Despite the efforts of my grandfather and his investigators, as well as those of the media and the Watergate commissions, the main questions about the scandal remain unanswered. It is not yet clear what prior knowledge Nixon had about the burglary, if any. Although the president has approved secret cash payments to the accused, it remains unknown whether he personally played a role in the fundraiser. In this regard, the extent to which HR Haldeman, the White House chief of staff, and Attorney General John Mitchell run illegal activities on a daily basis has not been revealed.
Such issues are, of course, analogous to those currently facing the committee on 6 January.
Richard Ben-Veniste, one of my grandfather’s top deputies at the meeting, said he had been asked by the committee on January 6 to propose advice. “Jan. “It was a steroid massacre on Saturday night,” he said. “It was much more dangerous than we thought unthinkable: a coup d’etat when harsh rule replaced the rule of law. Nixon, for all his criminality and authoritarian sensibilities, had a sense of shame. “
The continuum, which stretches from Watergate to the present, has several ironies. During and after the Nixon scandals, inspections by the Congressional Executive were introduced, including the 1973 Military Powers Act and amendments to the Federal Election Campaign Act. These legislative initiatives have led to accusations of excessive action and counter-movement by some Republicans seeking to restore the executive branch.

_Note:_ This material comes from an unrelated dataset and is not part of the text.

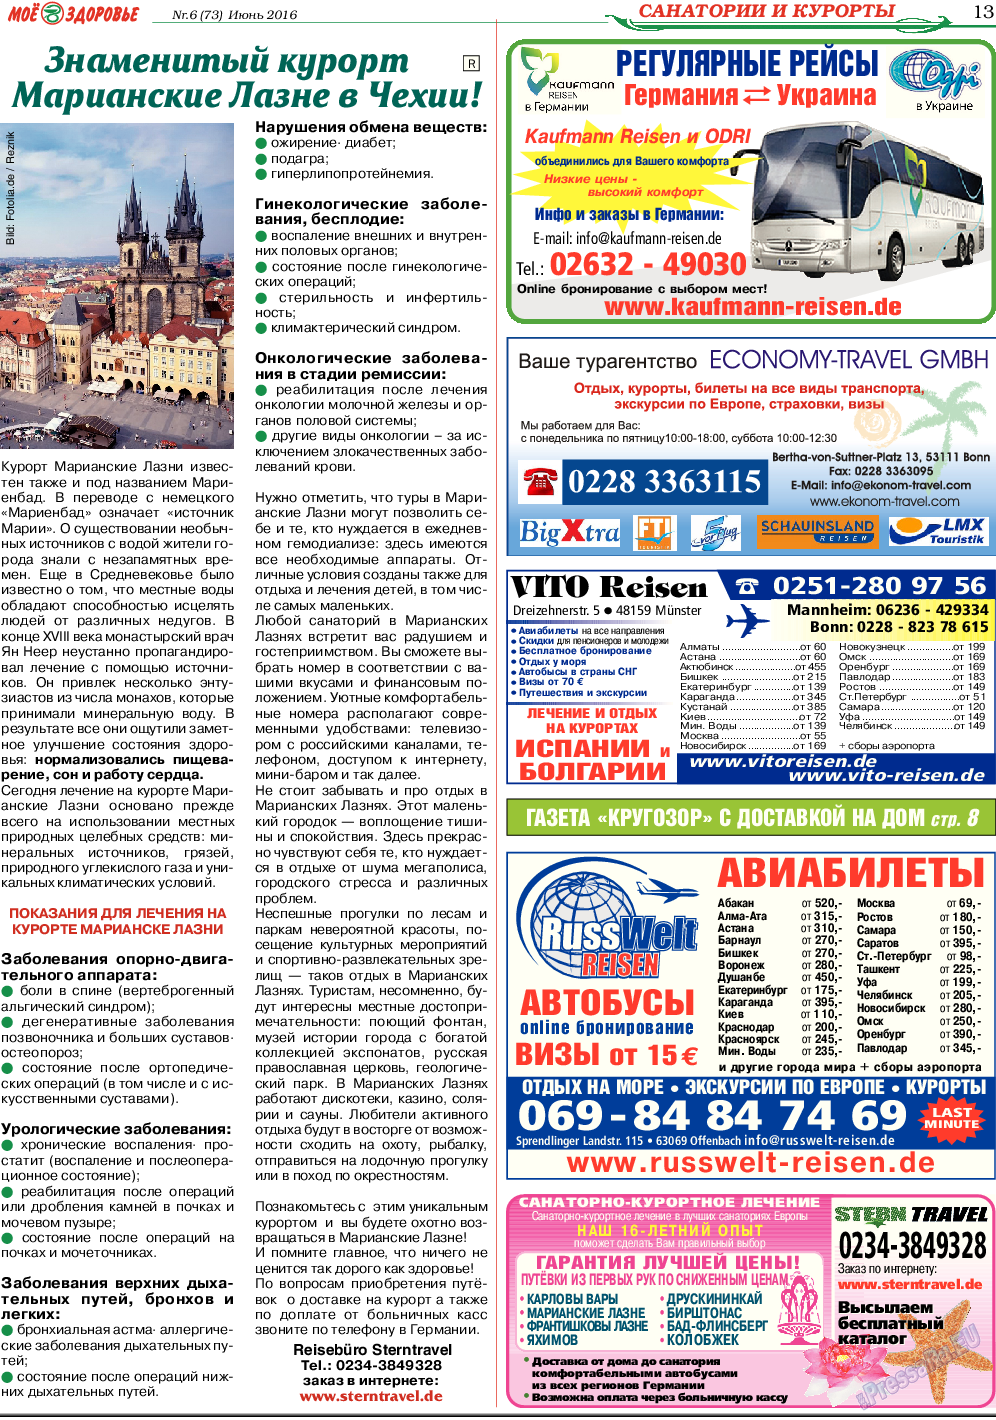 Кругозор, газета. 2016 №6 стр.13
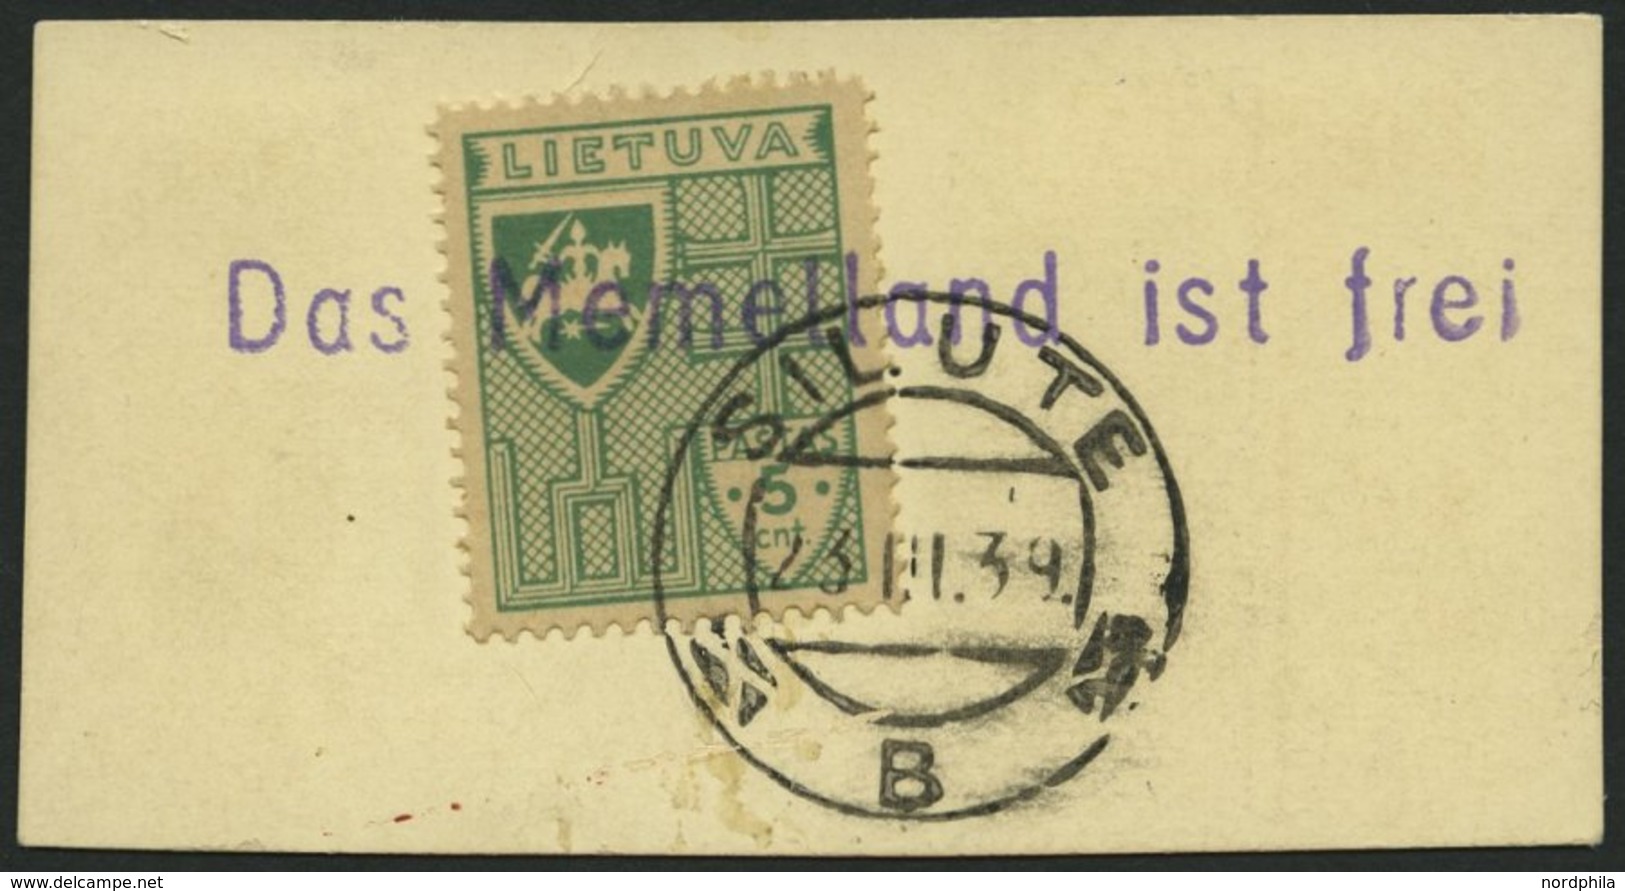 LITAUEN 409 BrfStk, 1939, 5 C. Grün Mit Stempel SILUTE Und Violettem L1 Das Memelland Ist Frei, Prachtbriefstück - Lituanie

One of them, a former Nixon aide in the White House named Dick Cheney, was elected to Congress four years after Nixon’s resignation. Mr. Cheney, of course, was vice president during the George W. Bush administration, and his daughter, Liz Cheney, was deputy chairman of the Jan. 6 commission that sharply criticized Mr. Trump as an abuser of the executive branch.
An additional irony after Nixon’s secret presidency was the impetus for greater transparency in government: more sunlight, less smoke-filled rooms. But this effort does not necessarily lead to more effective governance. To take a recent example, Conservatives in the House of Representatives, led by Marjorie Taylor Green, a far-right Georgian freshman born three months before Nixon’s resignation, used the power of legislative transparency as an argument to slow the House of Representatives program. the representatives, insisting on roll-call votes for everything in the legislative calendar.
During the rally, Deborah Ross, a North Carolina Democrat, mingled with guests as she recalled listening to Senate Watergate hearings at age 10 as she drove cross-country in her family’s van. Noting the coincidence of Watergate’s anniversary in the middle of the committee’s January 6 hearings, Ross said that “the obvious thing the two scandals have in common is that we are talking about two men who wanted to stay in power without meaning what. The irony is that Nixon would have won in 1972 anyway if he hadn’t been so paranoid about the Democrats.